LangChain supports two main types of agents: Action Agents and Plan-and-Execute Agents.

  • Action Agents are more conventional and good for small tasks. They are like the sprinters in a race, quick and focused on a single task
  • Plan-and-Execute Agents are more suited to complex or long-running tasks. They handle the initial planning step, which helps to maintain long-term objectives and focus. They are like marathon runners, strategic and endurance-focused.

In real-world scenarios, agents can be used in various ways. For instance, a Product Manager might use an agent to analyze customer feedback and generate insights. The agent could decide to use a sentiment analysis tool to understand the overall sentiment of the feedback, and then use a summarization tool to condense the feedback into key points.

Similarly, a Designer might use an agent to generate design ideas based on user inputs. The agent could decide to use a brainstorming tool to generate a list of ideas, and then use a ranking tool to prioritize the ideas based on certain criteria.

The Future of Agents: The Sky(net) is the Limit

As LangChain continues to evolve, the role of agents is expected to become even more significant. With advancements in AI and machine learning, agents could become capable of making more complex decisions, handling more sophisticated tasks, and providing more personalized and relevant responses. So, while we're not quite at the Skynet level yet, the future of agents in LangChain is certainly exciting and full of potential.

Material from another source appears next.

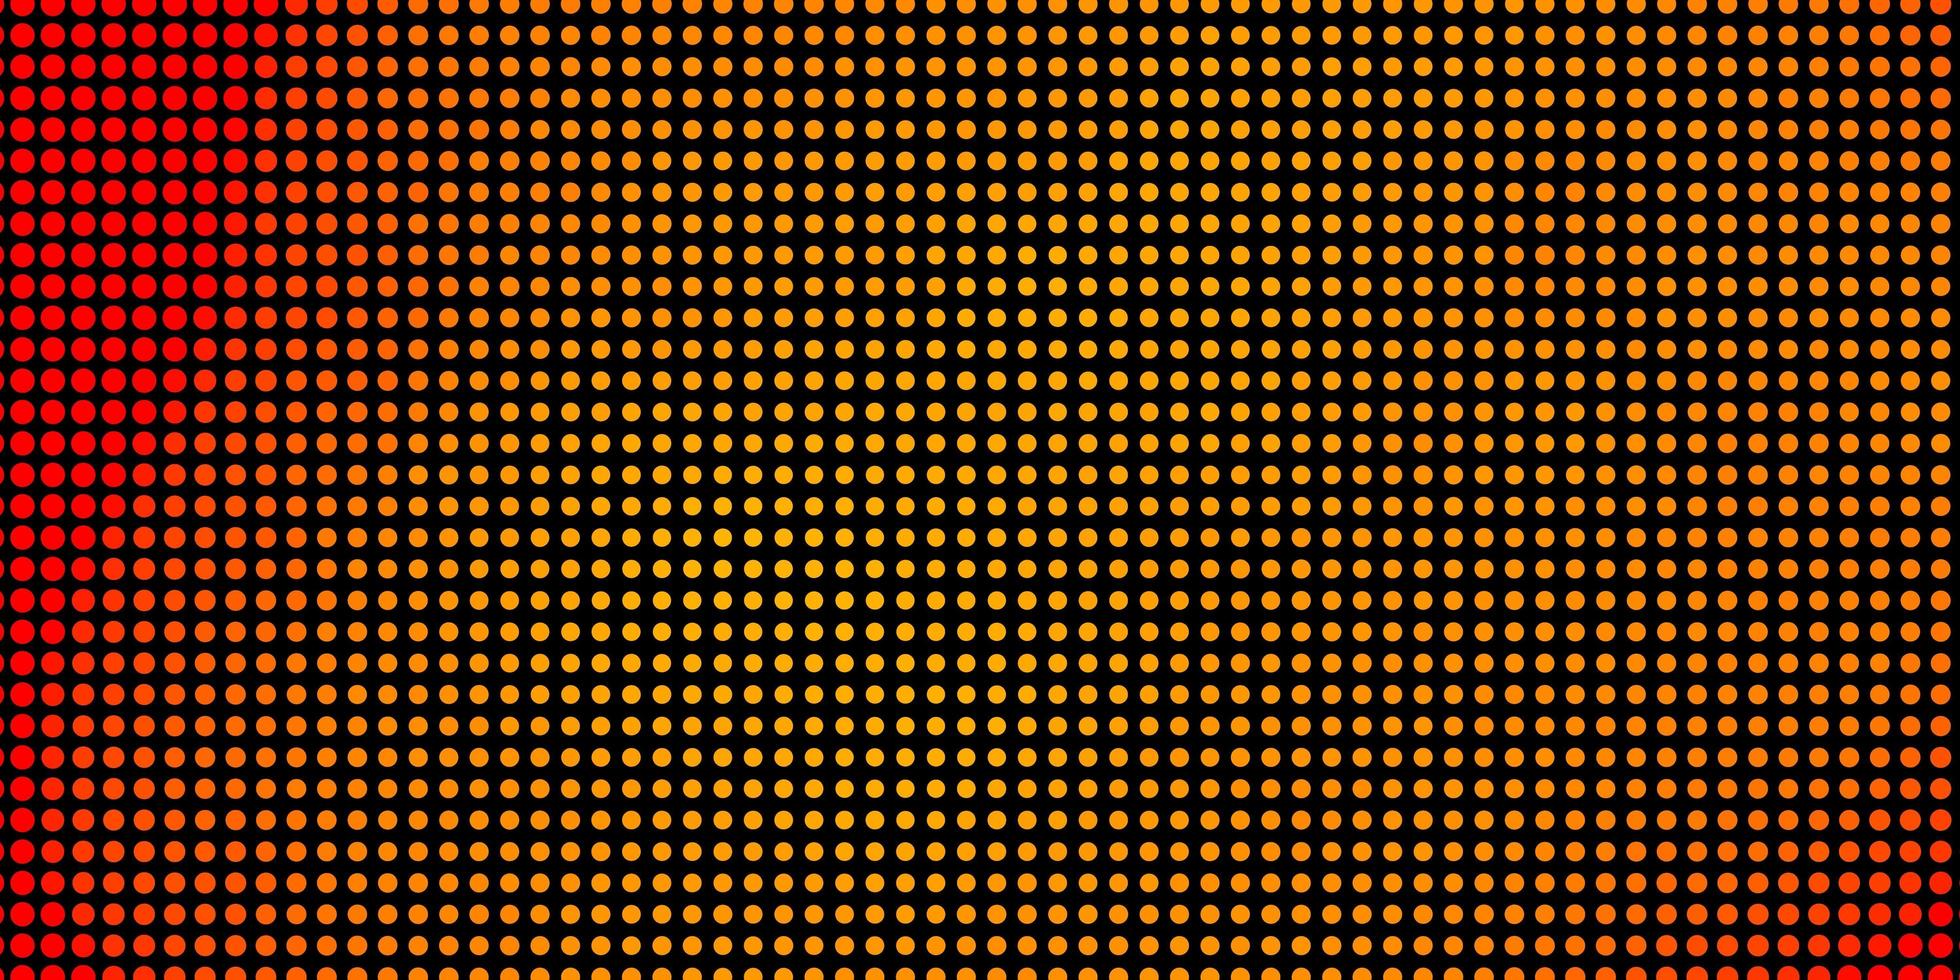 sfondo vettoriale arancione chiaro con cerchi illustrazione colorata con punti sfumati in stile natura modello per annunci aziendali for
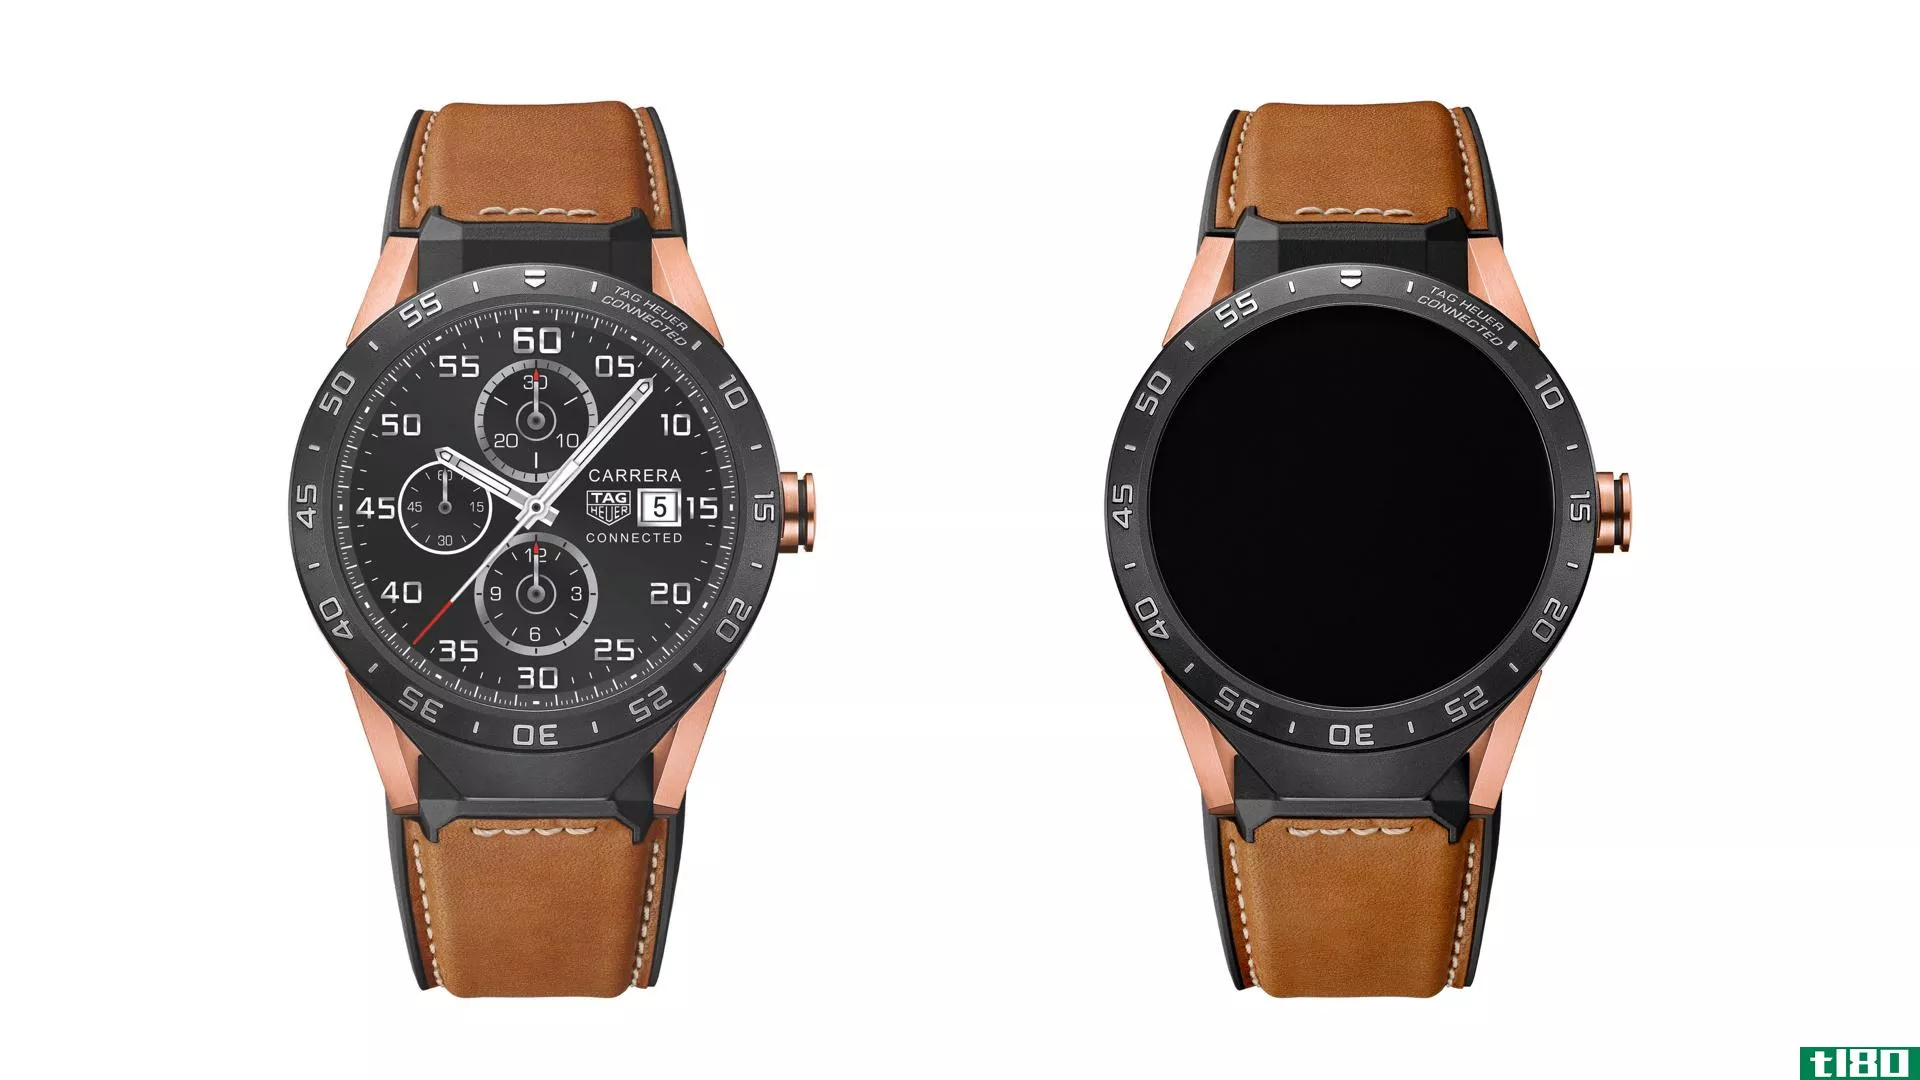 豪雅（tag heuer）售价9900美元的智能手表由纯金玫瑰制成

Enjoy Video More Than Reading?

If you’re more of a visual learner and want to soak in the ultimate video series on LangChain fundamentals, you're going to want to check out Greg Kamradt's amazing LangChain Fundamentals series on YouTube:

Conclusion: The Power of LangChain

As we wrap up this guide, it's clear that LangChain is more than just a tool—it's a revolutionary framework that's transforming the way we interact with language models. It's about harnessing the power of advanced language models like GPT-4 and making them accessible, adaptable, and highly functional.

Throughout this guide, we've explored the core concepts of LangChain, from Chains and Agents to the unique prompting techniques that guide the conversation with the model. We've seen how LangChain enables the creation of complex and dynamic language applications, capable of handling a wide range of use cases.

But the true power of LangChain lies in its versatility. Whether you're a product marketer looking to generate new product features, a data analyst seeking insights from large datasets, or a developer building a chatbot, LangChain provides the tools and framework to make it happen.

For technical and non-technical product people, LangChain opens up a world of possibilities. It's about taking the complexity out of interacting with language models and making it as simple as crafting a prompt. And with the ability to chain together multiple prompts and tools, you can create nuanced and sophisticated interactions that push the boundaries of what's possible with language models.

So, as we conclude this guide, we encourage you to explore LangChain and its potential. Dive into the concepts, experiment with the tools, and see for yourself how LangChain can transform the way you interact with language models. The future of language applications is here, and it's powered by LangChain.